[Stored dataset items]

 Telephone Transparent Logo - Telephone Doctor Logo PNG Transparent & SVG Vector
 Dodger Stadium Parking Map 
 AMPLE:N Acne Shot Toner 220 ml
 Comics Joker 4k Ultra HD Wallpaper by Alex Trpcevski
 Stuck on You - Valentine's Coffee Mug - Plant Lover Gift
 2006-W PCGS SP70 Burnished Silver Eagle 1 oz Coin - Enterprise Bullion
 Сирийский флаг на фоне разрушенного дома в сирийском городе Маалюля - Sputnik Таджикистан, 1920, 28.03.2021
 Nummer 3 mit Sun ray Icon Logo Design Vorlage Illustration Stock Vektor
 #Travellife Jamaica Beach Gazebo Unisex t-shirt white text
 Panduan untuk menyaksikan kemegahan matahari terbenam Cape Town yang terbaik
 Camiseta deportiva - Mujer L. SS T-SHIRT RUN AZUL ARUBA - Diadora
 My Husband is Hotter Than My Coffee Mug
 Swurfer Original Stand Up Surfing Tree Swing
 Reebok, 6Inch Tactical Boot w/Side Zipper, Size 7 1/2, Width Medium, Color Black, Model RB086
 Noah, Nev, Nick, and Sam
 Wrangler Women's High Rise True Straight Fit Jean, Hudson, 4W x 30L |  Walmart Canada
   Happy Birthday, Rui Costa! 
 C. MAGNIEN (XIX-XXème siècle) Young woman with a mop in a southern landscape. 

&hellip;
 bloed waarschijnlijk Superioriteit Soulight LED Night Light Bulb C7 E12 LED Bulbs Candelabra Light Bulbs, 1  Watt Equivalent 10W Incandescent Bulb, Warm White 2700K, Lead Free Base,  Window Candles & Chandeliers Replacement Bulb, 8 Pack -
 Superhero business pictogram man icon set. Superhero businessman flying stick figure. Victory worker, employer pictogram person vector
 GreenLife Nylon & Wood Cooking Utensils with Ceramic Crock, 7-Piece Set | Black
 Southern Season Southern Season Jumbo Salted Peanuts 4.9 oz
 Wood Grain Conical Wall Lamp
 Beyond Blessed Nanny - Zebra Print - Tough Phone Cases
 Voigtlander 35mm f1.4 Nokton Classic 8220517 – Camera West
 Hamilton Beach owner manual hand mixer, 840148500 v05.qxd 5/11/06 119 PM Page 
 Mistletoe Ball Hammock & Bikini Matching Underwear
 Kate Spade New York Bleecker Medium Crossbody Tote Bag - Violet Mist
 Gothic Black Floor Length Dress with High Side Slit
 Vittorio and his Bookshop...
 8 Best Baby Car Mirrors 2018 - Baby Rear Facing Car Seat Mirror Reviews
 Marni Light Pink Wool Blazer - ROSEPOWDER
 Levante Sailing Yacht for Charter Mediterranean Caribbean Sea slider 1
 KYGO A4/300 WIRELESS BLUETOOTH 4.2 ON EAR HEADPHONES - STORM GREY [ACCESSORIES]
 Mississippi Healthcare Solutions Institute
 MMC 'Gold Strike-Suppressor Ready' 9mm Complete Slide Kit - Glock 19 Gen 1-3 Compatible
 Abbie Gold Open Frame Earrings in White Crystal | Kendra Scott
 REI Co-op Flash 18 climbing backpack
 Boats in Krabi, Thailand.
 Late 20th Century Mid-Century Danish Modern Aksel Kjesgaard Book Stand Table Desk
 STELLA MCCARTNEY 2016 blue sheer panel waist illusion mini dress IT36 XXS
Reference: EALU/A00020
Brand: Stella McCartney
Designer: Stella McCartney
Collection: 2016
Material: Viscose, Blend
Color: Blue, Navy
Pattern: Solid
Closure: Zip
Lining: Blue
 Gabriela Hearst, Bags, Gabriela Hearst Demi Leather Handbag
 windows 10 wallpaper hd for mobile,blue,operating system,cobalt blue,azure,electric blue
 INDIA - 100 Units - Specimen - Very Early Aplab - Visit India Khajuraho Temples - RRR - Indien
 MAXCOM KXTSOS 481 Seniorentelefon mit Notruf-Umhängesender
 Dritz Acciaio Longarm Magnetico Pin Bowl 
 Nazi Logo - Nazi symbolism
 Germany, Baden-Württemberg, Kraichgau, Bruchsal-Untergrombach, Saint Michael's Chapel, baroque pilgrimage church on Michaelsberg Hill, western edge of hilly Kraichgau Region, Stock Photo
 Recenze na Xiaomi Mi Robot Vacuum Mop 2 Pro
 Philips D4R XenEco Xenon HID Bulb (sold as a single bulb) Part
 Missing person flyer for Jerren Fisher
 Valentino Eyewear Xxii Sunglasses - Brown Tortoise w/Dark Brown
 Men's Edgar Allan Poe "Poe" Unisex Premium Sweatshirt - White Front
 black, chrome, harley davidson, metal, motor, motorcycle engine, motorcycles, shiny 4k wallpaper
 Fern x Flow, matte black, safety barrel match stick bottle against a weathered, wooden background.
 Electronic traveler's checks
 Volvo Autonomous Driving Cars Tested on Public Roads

— Work item —
The word "Stock" occurs in some lines of the data above; report how many such lines there are, with no other words.

— Response —
2